Re: Possible Loss of Precision - not caused by type conversion

From:
Lew <lew@lewscanon.nospam>
Newsgroups:
comp.lang.java.programmer
Date:
Sat, 07 Jul 2007 18:01:06 -0400
Message-ID:
<PYqdnfNxeYmnkA3bnZ2dnUVZ_vqpnZ2d@comcast.com>
Lew wrote:

If you have an array of long with 2 billion entries it will occupy
over 16GB of heap - the issue of your index will be moot.


Patricia Shanahan wrote:

Not if you have a 64 bit JVM and a server with a large memory.
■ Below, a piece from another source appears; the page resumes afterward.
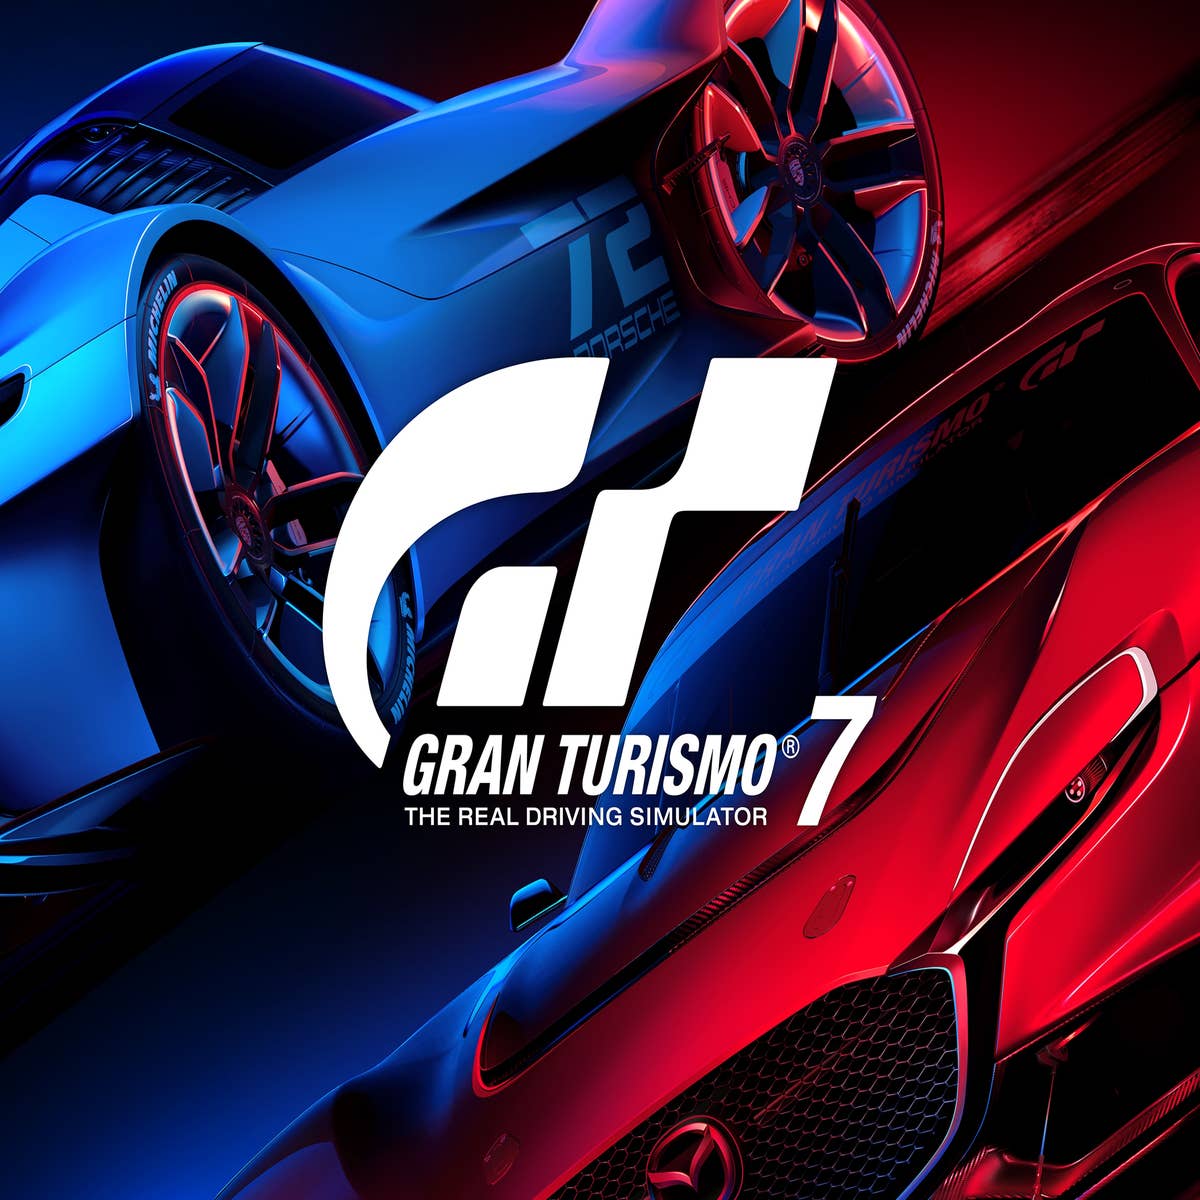 Gran Turismo 7 - PS5 (Mídia Física) - Nova Era Games e Informática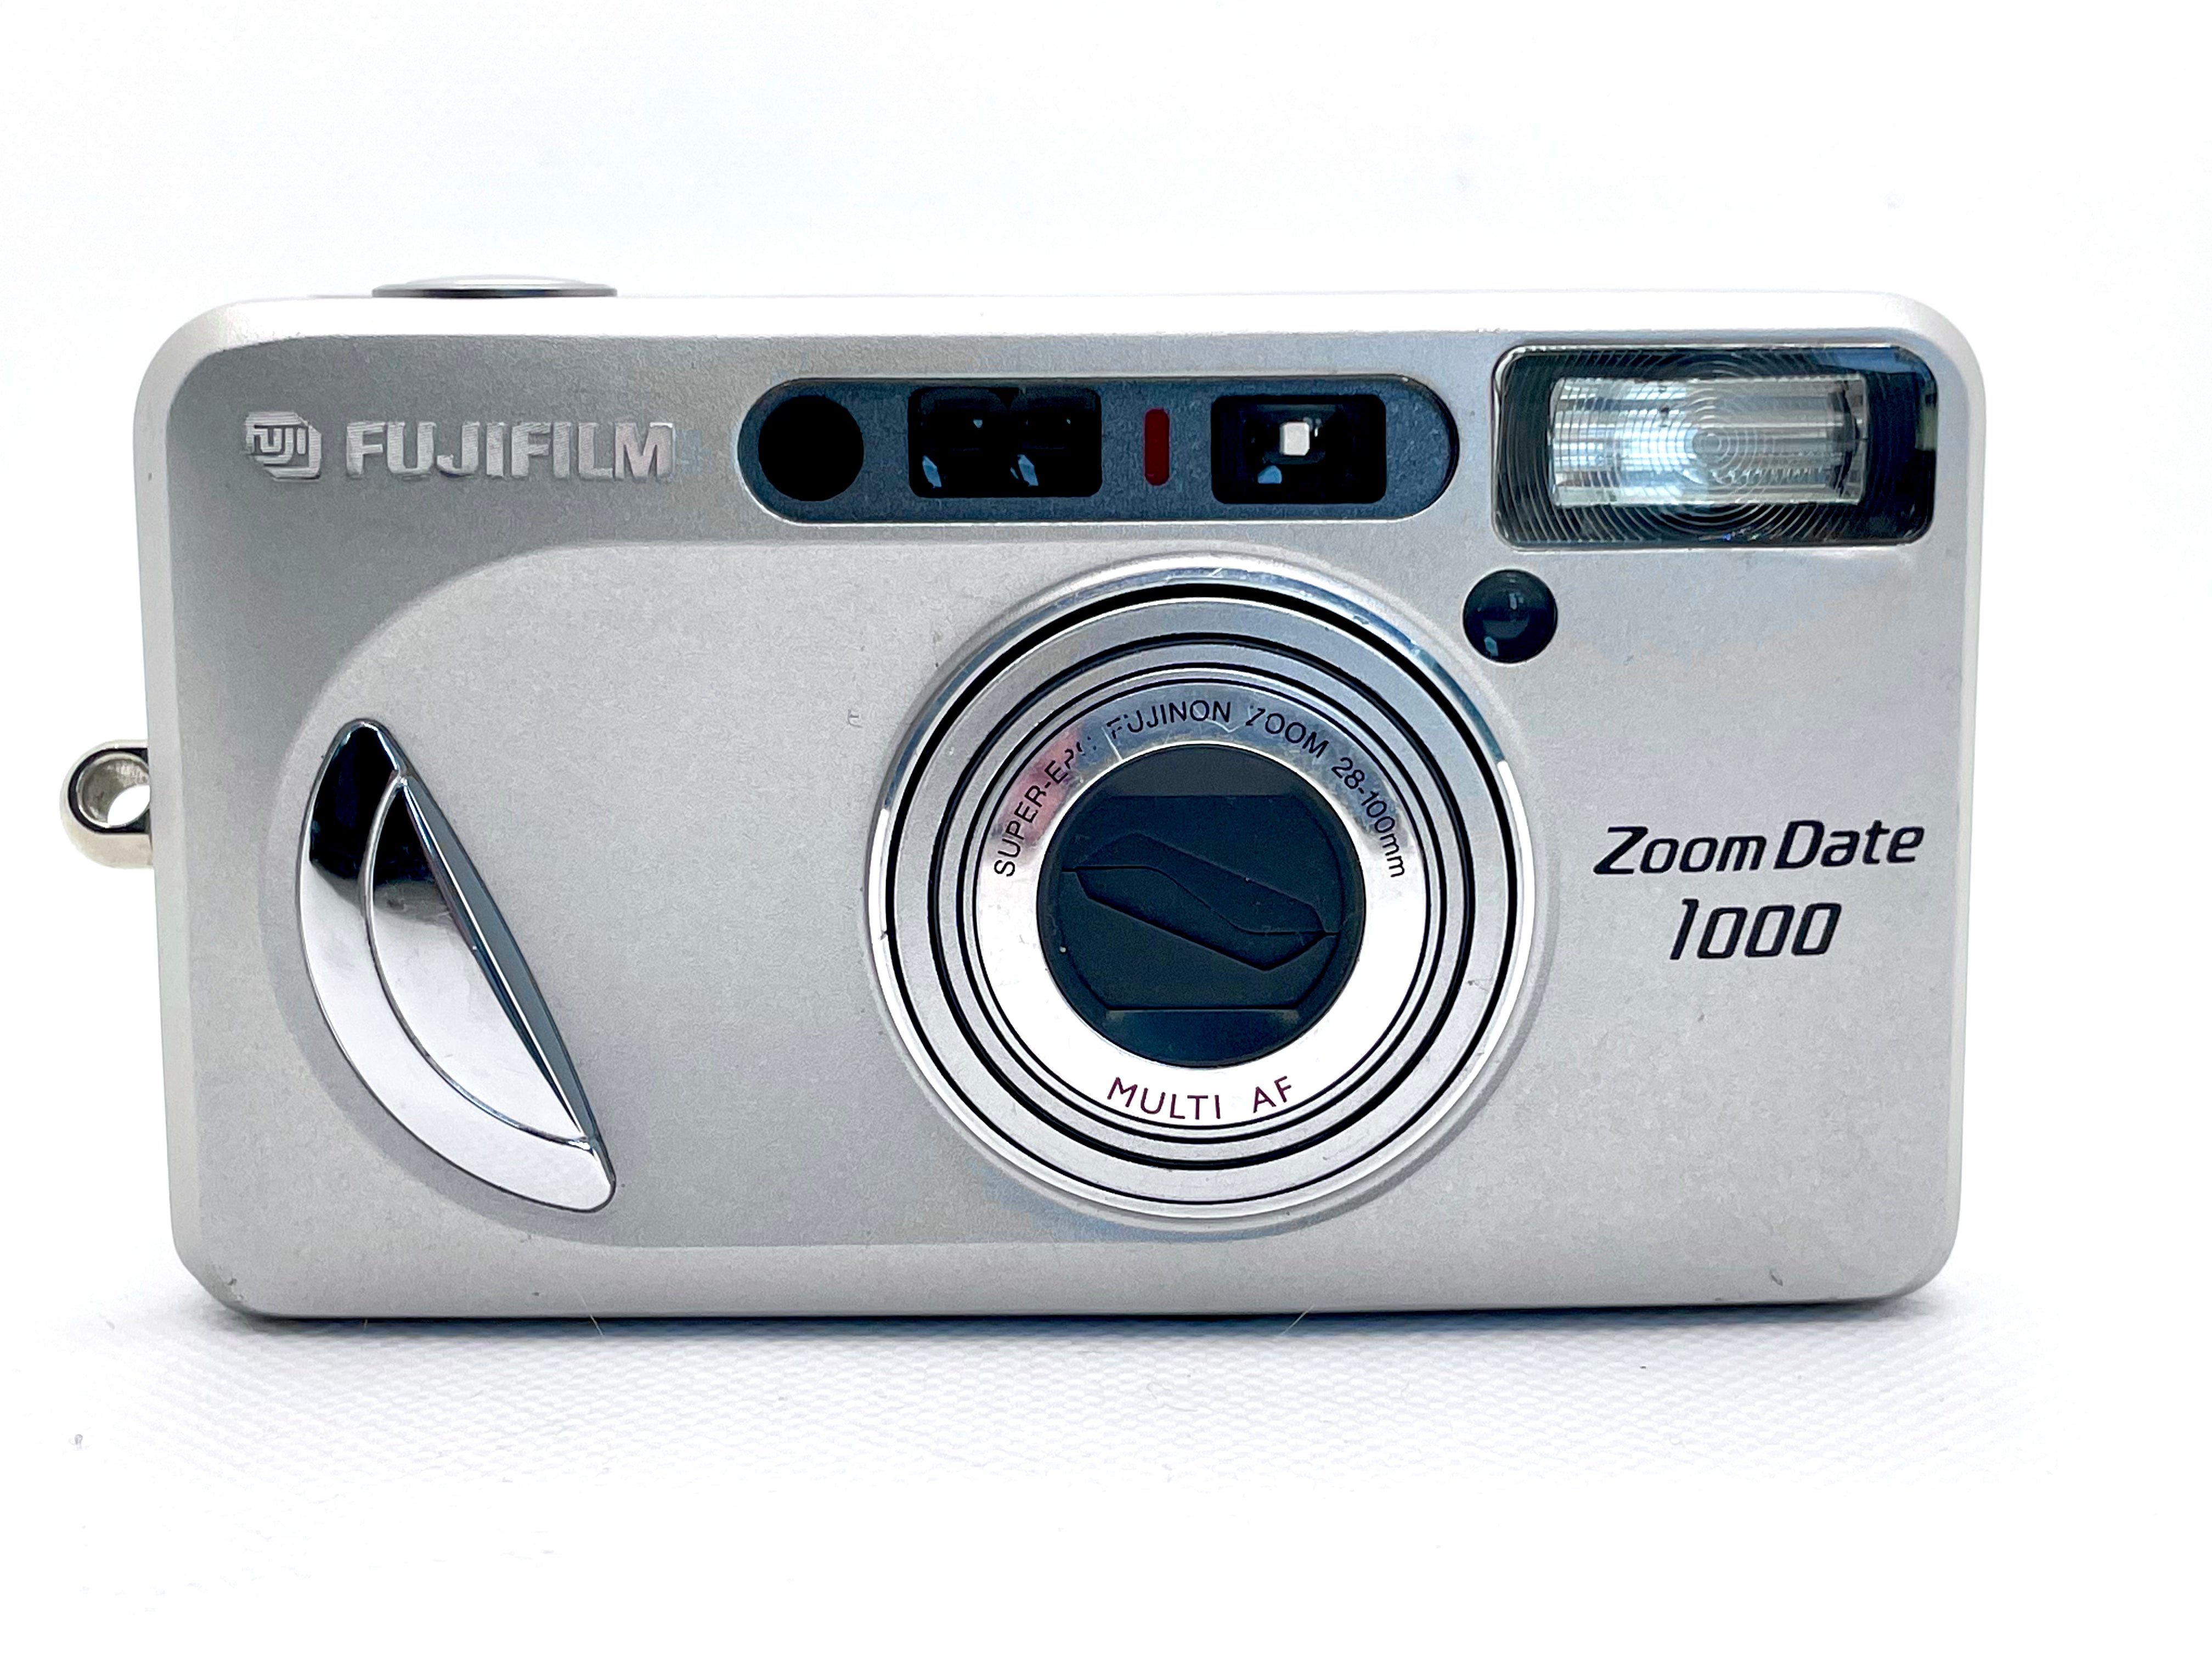 Fujifilm Zoom Date 1000

(and -Xmx configured accordingly)

Good catch - even though I have a 64b machine for my own development I keep
forgetting what a huge difference it makes. I found
<http://msdn2.microsoft.com/en-us/vstudio/aa700838.aspx>
which examines the effect objectively for both .NET and Java (IBM WebSphere
with their JVMs).

I agree that an argument can be made that it was shortsighted of Sun to limit
array indexes to int, but the fact is that they did and it is documented in
the JLS. Does Sun have a plan to change this, or to introduce a large-array
type to Java? A sparse-array type?

I foresee when people will superciliously disparage those who once thought 64
bits provided enough address range, along the lines of those now parroting the
"and you thought 640K is enough" canard.